Wednesday, February 17, 2016

I was Hacked!

I was hacked.

My website, www.sevantownsend.com was hacked sometime last week. I found out because Google AdWords emailed me and said my website "violates our advertising policies." I once got a coupon for $100 worth of free advertising on Google AdWords and so I set up an AdWords account and advertised until the $100 was gone. So I'm, luckily, still in the AdWords system, apparently.

So the first thing I did was go to my website and look at it. It looked fine. So now I was skeptical.

So the email contained a link for more information. According to the link, Google believed there was malware on my website and they wanted me to go to the Search Console and sign in and look at my site there. So I did. It didn't find anything.  This was Sunday morning.

But I went to Google and did a search on myself, which always brings up my website, and I saw this:

(I have a Norton plugin that supposed to check websites.
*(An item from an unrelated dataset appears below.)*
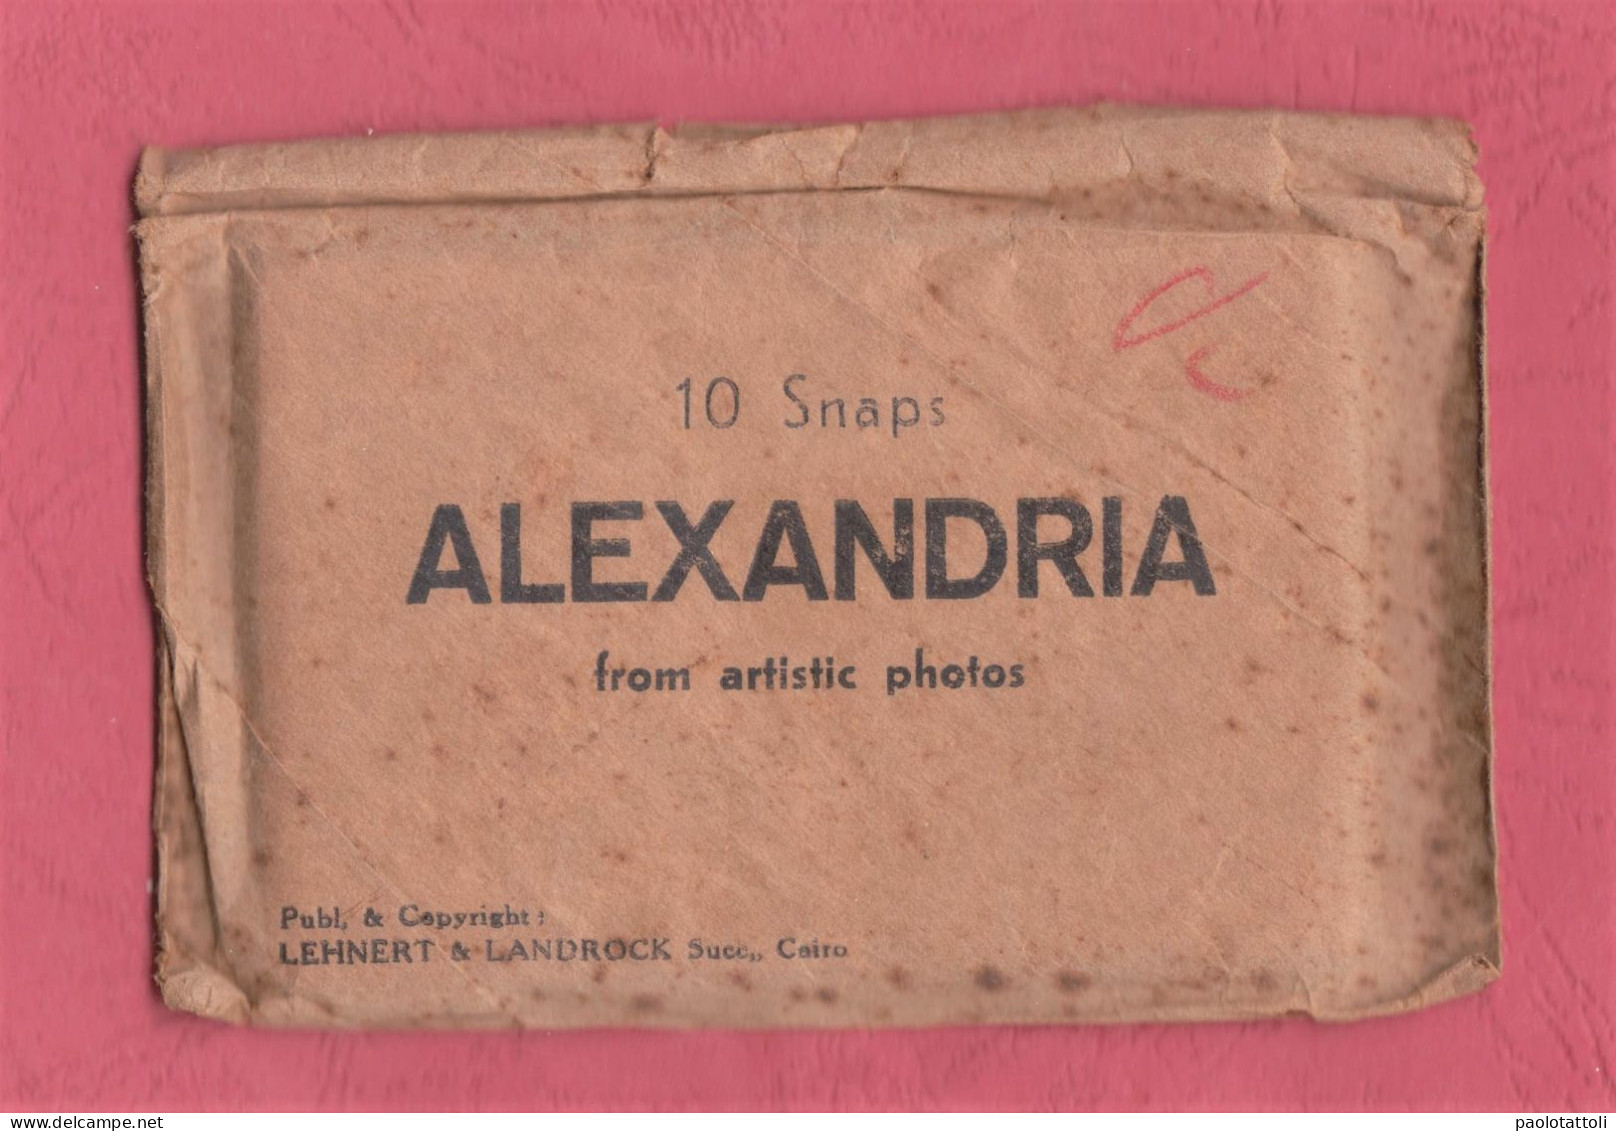 Egypt. Alexandria. 10 Snap From Artistic Photos. Publ. & Copyright Lehnert & Landrock. 92x 60mm. - Obj. 'Herinnering Van'

As you can see, it gave my site the a-okay.)

Well, that wasn't good that it said "This site may be hacked." But I was a con, and didn't have the time nor the energy to look into it. I figured I'd have to call Google and find out what was going on.

Then Monday morning, at home from con, I checked the Search Console again out of curiosity. And it said I had malware on my site. Following the instructions in the Console, I "rendered" my site and it showed me what the Google bot saw and what people who go to my site would see. The later looked fine. But the Google bot saw nasty, awful stuff I won't relate here. Let's just say it was sexual.

My site had been hacked.

First thing I did was change the password to access my site.

Then I wondered what to do. I went to the interface where you can manipulate the files in my site (sort of a browser-based FTP). And I noticed three files that had been uploaded the last week. I didn't upload anything last week.

I spent a few minutes looking at the files on my computer and making sure those files weren't modified versions of those. They weren't. So I deleted them. (If they were modified, I would have uploaded the "clean" version from my computer backup of my website). I then "rendered" the website again and the Google bot saw what I saw. In other words, it appeared those three files I deleted were the problem and my site was now "clean."

Then I had to go back to the security issues page of the Search Console and request a review. They said it could take "several weeks" to take that hacked warning off my search results.

The same day I cleaned it up, I got an email from AdWords saying my site "complies with our Advertising Policies" as it is now clean. Then, despite the "several weeks" warning, the "hacked" label came off my website sometime later that evening and is gone now.

Lesson learned; my password probably wasn't strong enough.